Chapter 27: "Need to Know"

The narrator explains that Hal was made for one purpose—to complete the mission—and so the mission has become an obsession. Hal has also been feeling guilty about concealing the true nature of the mission from Bowman and Poole. But the secret that he's been keeping will be revealed when the hibernating crew members wake. The conflict between wanting to tell the truth and needing to conceal it has slowly eroded Hal's ability to function, and when Bowman threatened to disconnect him, he had faced "a crisis that challenged his very existence." So he decides to solve his problem—"remove the source of his frustrations"—and continue the mission alone.

Chapter 28: In Vacuum

As the airlock opens, Bowman hears a tornado-like sound of the ship's atmosphere rushing out into space. The main lights go off, and the emergency lights flicker on as Bowman struggles to get to an emergency shelter. He barely makes it inside the emergency shelter and immediately turns on the oxygen. After a few moments of recovery, he puts on the spacesuit stored in the shelter, opens the door, and goes to check on the three hibernators. They are all dead.

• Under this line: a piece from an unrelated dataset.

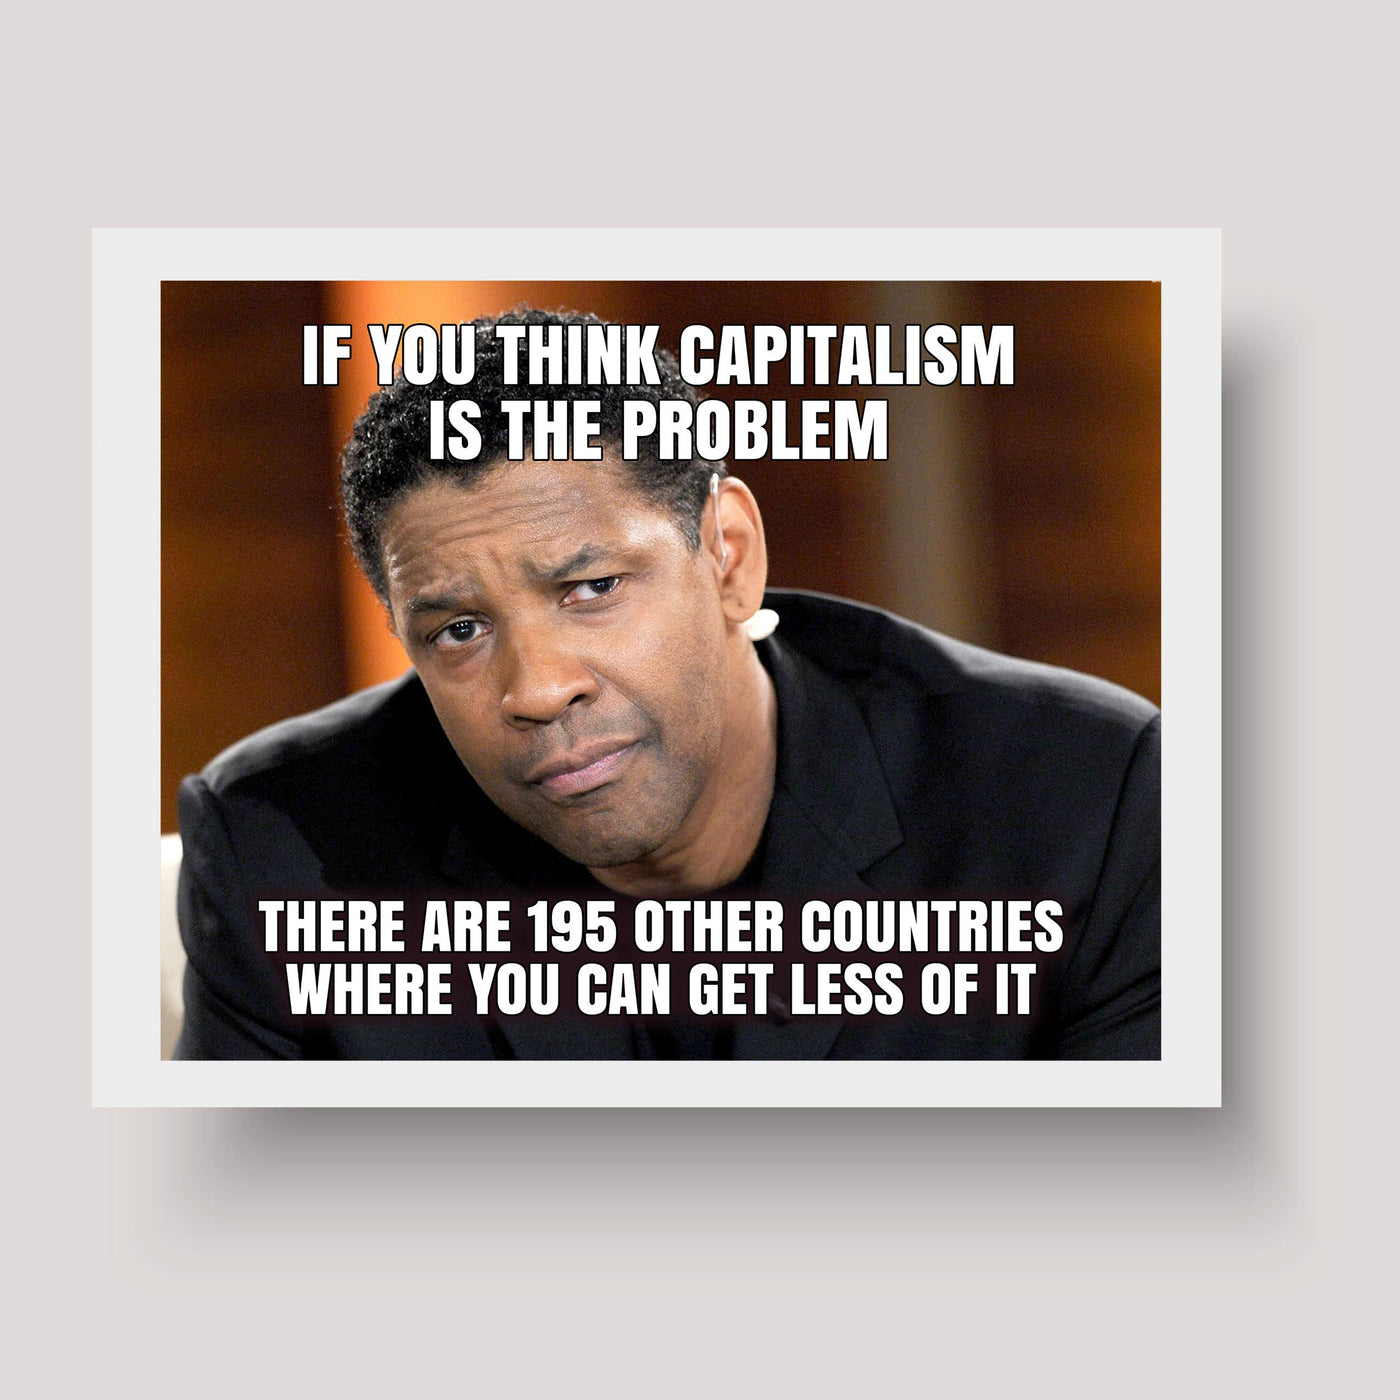 If Capitalism Is the Problem-194 Other Countries With Less of It-8 x 10" Political Quotes Wall Art Print-Ready to Frame. Motivational Home-Office-Studio-Cave Decor. Perfect for History Classroom!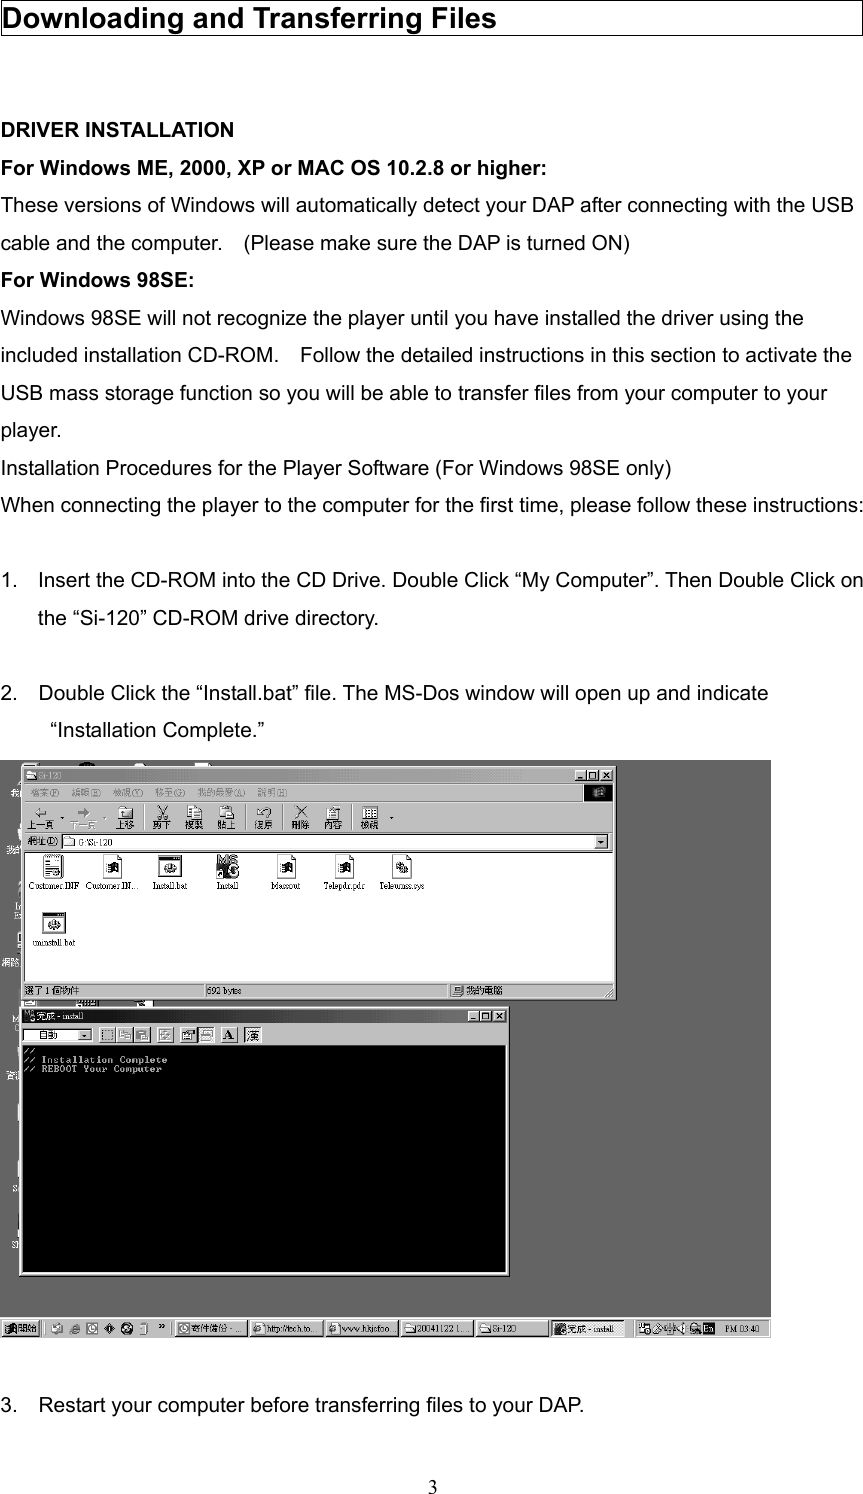  3Downloading and Transferring Files                            DRIVER INSTALLATION For Windows ME, 2000, XP or MAC OS 10.2.8 or higher: These versions of Windows will automatically detect your DAP after connecting with the USB cable and the computer.    (Please make sure the DAP is turned ON)   For Windows 98SE: Windows 98SE will not recognize the player until you have installed the driver using the included installation CD-ROM.    Follow the detailed instructions in this section to activate the USB mass storage function so you will be able to transfer files from your computer to your player.  Installation Procedures for the Player Software (For Windows 98SE only) When connecting the player to the computer for the first time, please follow these instructions:  1.  Insert the CD-ROM into the CD Drive. Double Click “My Computer”. Then Double Click on the “Si-120” CD-ROM drive directory.      2.  Double Click the “Install.bat” file. The MS-Dos window will open up and indicate “Installation Complete.”     3.    Restart your computer before transferring files to your DAP.

Bowman makes his way, weightless, to the secure room where the HAL 9000 system is housed. There he is greeted by Hal's statement: "Something seems to have happened to the life-support system, Dave." Without answering, Bowman begins removing memory blocks from Hal's "brain," focusing on those that have to do with Hal's higher functions such as "cognitive feedback" and "ego reinforcement." Despite Hal's protests, Bowman succeeds in disconnecting these functions while leaving the basic computerized ship's functions in place.

Analysis

These chapters are full of action, and they cover the part of the plot that many viewers of the film version find memorable, as Bowman makes his way to Hal's physical control center and begins dismantling his consciousness. Hal's casual conversation regarding what Bowman is doing is contrasted with the lethal actions he has just taken and no doubt would not hesitate to repeat. The effect is eerie.

Biblical references continue to shed light on the interpretation of Hal's story line. The narrator describes the creation of Hal's consciousness in an Earth laboratory, comparing his creation to the creation of humans in the Garden of Eden: "For like his makers, Hal had been created innocent; but, all too soon, a snake had entered his electronic Eden." Like humanity, Hal has experienced a fall of biblical magnitude, and he must be punished for his "sins." The novel thus suggests that humanity, in its own way, plays God in matters of life and death.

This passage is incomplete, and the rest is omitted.